ROANOKE TIMES

                         Roanoke Times
                 Copyright (c) 1995, Landmark Communications, Inc.

DATE: SATURDAY, October 8, 1994                   TAG: 9410110013
SECTION: EDITORIAL                    PAGE: A-7   EDITION: METRO 
SOURCE: 
DATELINE:                                 LENGTH: Medium


A BLOWN GOP OPPORTUNITY

WHEN MORE than 300 Republican candidates for the U.S. House gathered the other day on the Capitol steps to pledge their fealty to a "Contract with America," it could have been a historic day in American politics.

It wasn't.

The "contract" turned out to dwell in fiscal Never-Never Land, a point soon noted in this space and elsewhere. Less noted has been the sheer magnitude of the silliness.

For the first time since the Truman administration, the federal budget deficit has declined three years in a row. The federal bureaucracy is the smallest it's been since John F. Kennedy was president. Yet balancing the budget by the year 2000 will require hundreds of billions of dollars more in spending cutbacks, revenue increases or both over the next five years.

The Congressional Budget Office puts the number at $700 billion. The anti-deficit Concord Coalition, headed by former Democratic Sen. Paul Tsongas of Massachusetts and former Republican Sen. Warren Rudman of New Hampshire, puts it at $760 billion. The Clinton administration says it's $743 billion.

The GOP contract doesn't recognize the existence of such numbers.

The contract promises, via constitutional amendment, a balanced budget. It also promises tax cuts of $217 billion (based on Republican estimates), especially for wealthy people. It also promises spending increases of unknown amount (hint: the House Republican alternative budget called for $61 billion more than did President Clinton's budget) to "strengthen" the military.

True, it also proposes mostly unspecified spending cuts of $221 billion (again, from Republican estimates). But even assuming these were passed, what about the $700 billion to $800 billion for the existing budget to get balanced?

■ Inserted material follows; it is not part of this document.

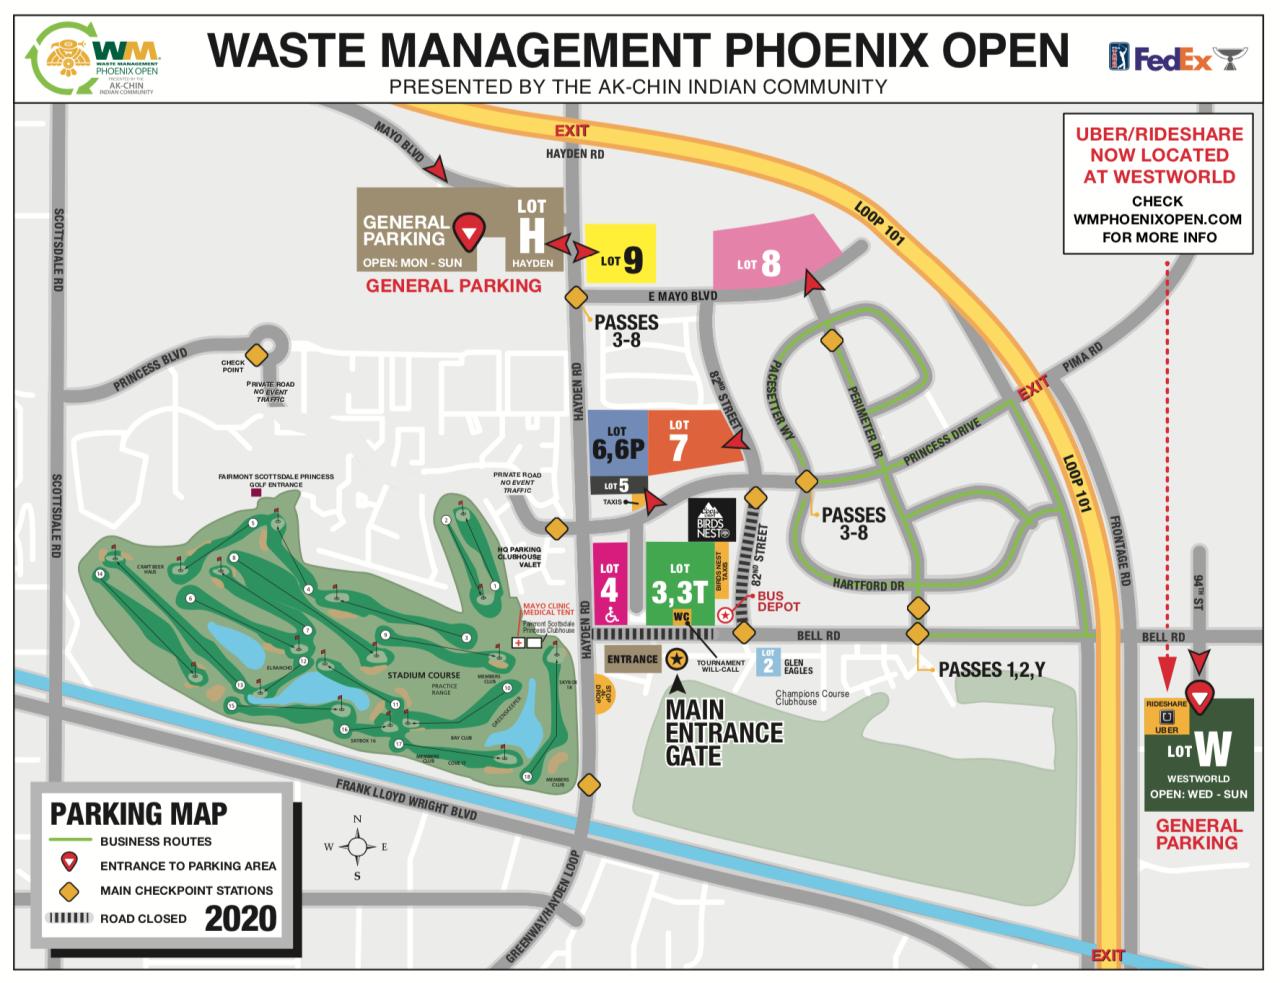 2020 WM Phoenix Open Parking Map

The gaps in this contract are breathtaking. If Republicans had either (a) proposed specific spending cuts sufficient to balance the budget and compensate for the lost revenues resulting from their smorgasbord of tax cuts, or (b) declared that higher budget deficits and national debt don't matter, that would be one thing. But they do neither, rendering the whole enterprise a cynical fraud.

Indeed, anyone trying to pass this document off as a "contract" in the private sector might find himself behind bars.

The irony is that, just a few weeks earlier, an important commission of Republicans and Democrats had agreed that America faces a constricted future unless leaders begin to address now the burgeoning growth in mandated government spending, including Medicare, Social Security and federal pensions.

The bipartisan report was approved by a 30-1 vote, but the "Contract with America" was conspicuously evasive about the need for any cuts in entitlement programs. On the contrary, among its giveaways is a promise to roll back the higher taxes on upper-income Social Security recipients that Congress passed last year.

The idea of the contract presented House Republican incumbents and challengers with an opportunity infrequent in American politics: a chance to present, as a united party, serious answers to a hard question and to do so without tarnishing the party's bright prospects in November. Sadly, the opportunity was blown.